Yes. Actually, this is something I've been thinking about a lot recently and have also witnessed in practice.
Given the driving force of large model capabilities, an important point is that if you can create a product, you won't be easily marginalized by platform.
First, many of today's so-called platforms are built on past experience points. At this time, the products made with agents bring a brand-new experience to users.
Just to answer your question, I won't go into details about what an agent is and the specific differences it brings to enterprises. But it's very clear.
Let me give you some examples. Take the search field. Google has been in this business for so many years. Today, products like ChatGPT, you can also consider OpenAI's ChatGPT as a kind of trend, have led to a gradual decline in some of Google's vertical search traffic. It's the same in China.
I even made a special video called, The Death of Search Engines. Besides search in the programming field, products like GitHub Copilot are emerging. When big programming tools like Visual Studio were very powerful, they were all in one product. But GitHub Copilot has developed extremely rapidly and offers a completely different user experience. Today, I know many companies are using such products across the board.
What I'm trying to say is that if we start from the user's perspective instead of the competitive perspective, we'll find that the experience by building products with agents is difficult to achieve with traditional software technology. At this time, you can create a new perception for users, which has nothing to do with the past.
So today, it's actually the platform that should be worried because various agents-based products might, in some aspects, really have the potential to disrupt the platform. This is the first point.
Second, whether it's due to the convergence of large model capabilities or the rise of open source model capabilities isn't a decisive trump card in large model operations currently.
For example, when building your product experience, you can choose to buy services, use models like GPT through API.
Your enterprise can stand on the comprehensive capabilities of all models.
So the user experience can be very good, and it won't be affected by the fact that, for example, the current financial situation leads to all major platforms opening up various APs.
Take the example of our product names in the specific area.
You can try it. Its ability to summarize meetings is, I can say with full responsibility, far better than [indiscernible]. This is the result of a [indiscernible] by a small team of ours. The user experience is so good that users are willing to pay for it. It's much better than some companies that have raised a lot of money.
If you give them APDS and ask them to summarize it, using our product name will definitely give you a better result.
Moreover, the capabilities of large models are constantly improving, which is a great advantage. It's not like traditional coding with fixed logic. Once someone comes up with better code, you'll be surpassed. But for agents, a true agent relies less on a specific model and more on the capabilities of large models themselves to make judgments.

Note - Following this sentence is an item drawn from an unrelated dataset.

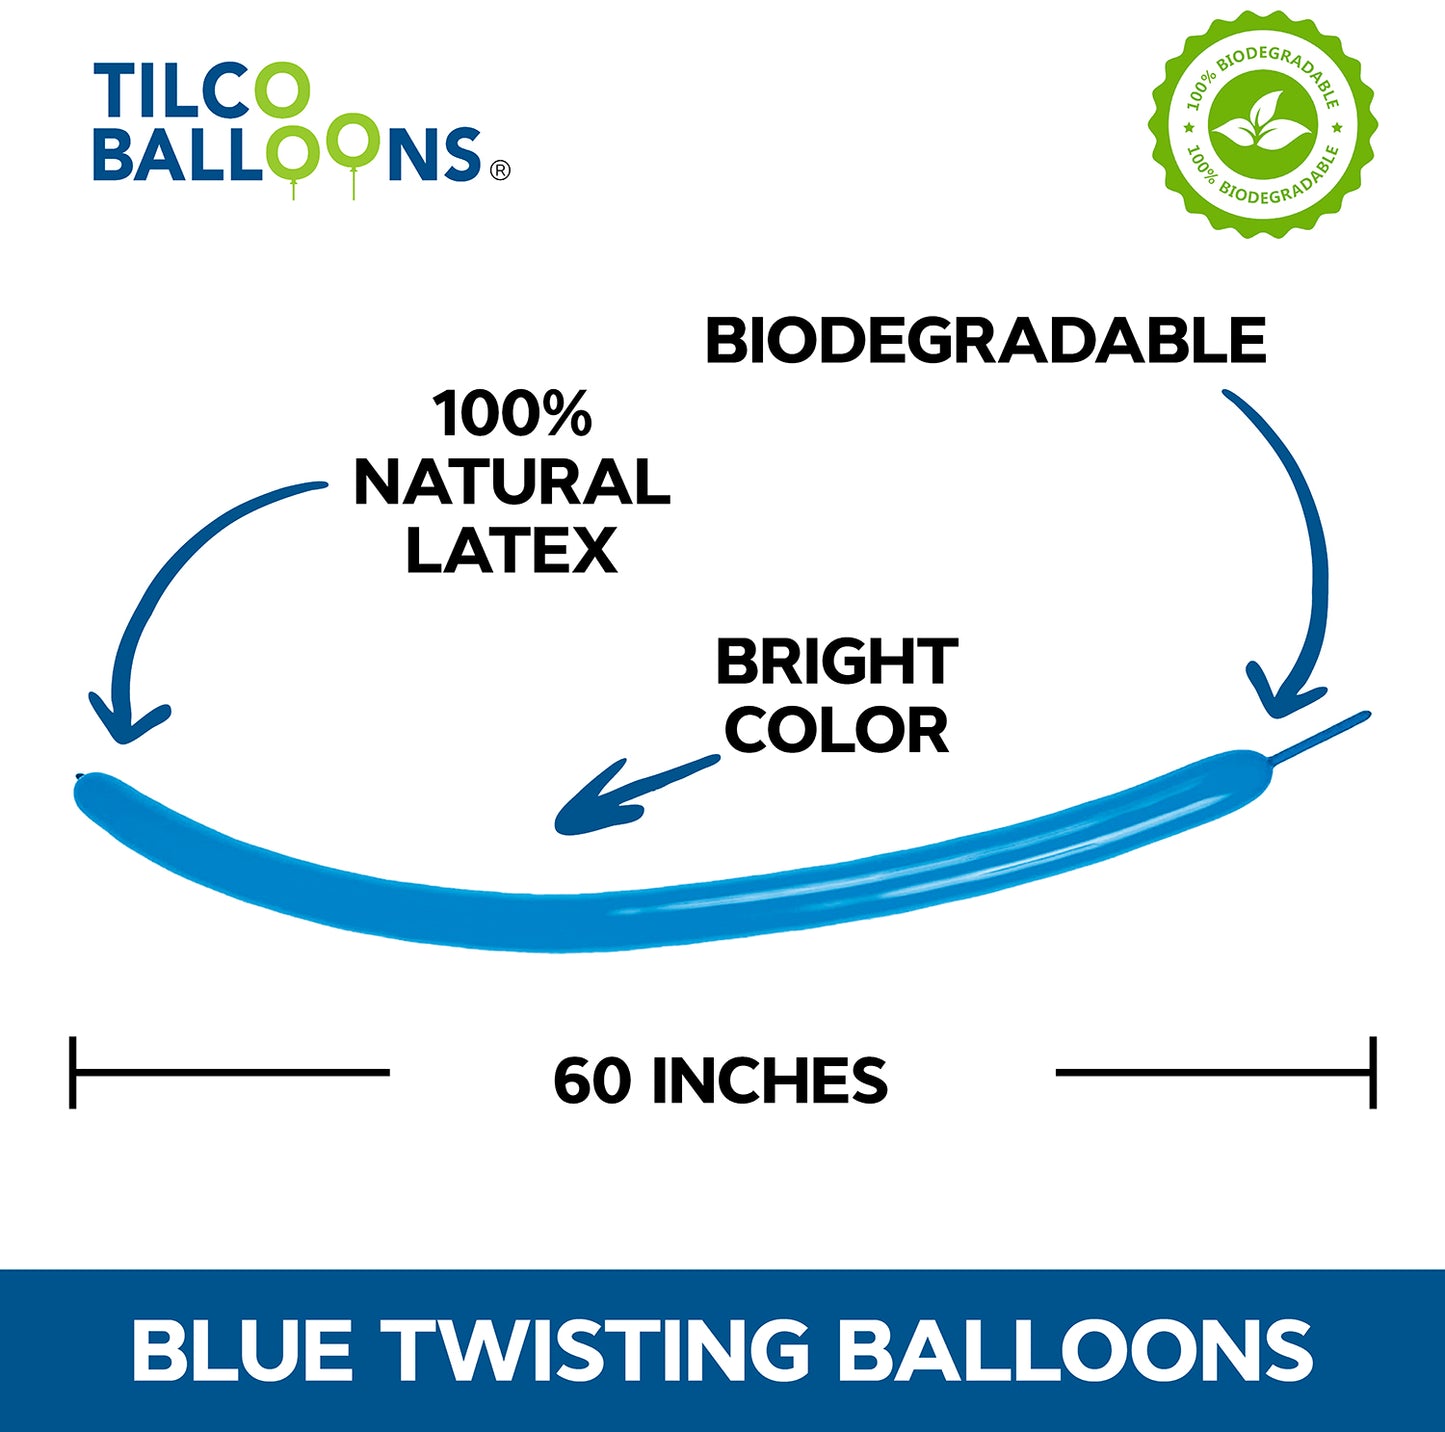 260 Royal Blue Twisting Balloon Description

As long as the large model capabilities improve, the capabilities of your agent-based products will also improve, and users can feel this improvement. They won't be easily replaced by a new model because the product can simply choose a better model.
Just as I mentioned, this is why agents are so promising.
First, they allow users to form a new perception.
Second, since the underlying capabilities are provided by large models, it's like using electricity provided by a power plant. The more stable the power supply, the better your electrical appliances will perform. When we were kids, the power supply was unstable, and we felt that electrical appliances were not easy to use. But when the power supply is stable, electrical appliances can be sold better.
So the second point is that the new product model based on agents actually benefits from the advancement of large model capabilities.
For a company like Tencent, although they've developed their own large model, recently, I saw they're still focusing on integrating data with the platform. But as platforms manage to do all these things, small companies might really be in trouble.
However, I want to say that during this era of rapid technological change, platforms usually move relatively slowly. At this time, if you can quickly seize the opportunity brought by this technological change and acquire enough users, you can gradually form a growth flywheel that platforms can't replace, especially platforms from the previous era, and it won't be easily marginalized.
I can give another example.
Although it has nothing to do with the agent platform for now, but I think it will soon, a product like Kingsoft Antivirus has a history of 20 years. By seizing one opportunity after another in the Internet era from the initial feature to the subsequent intermediate feature and now to current feature, it has continuously grown. Many of its contemporaries like competitor names have long since disappeared, but it still thrived today.
I think in the era of agents, we might be able to seize this opportunity to provide better services in terms of users' computer using convenience, and this is not something that a platform can simply replace.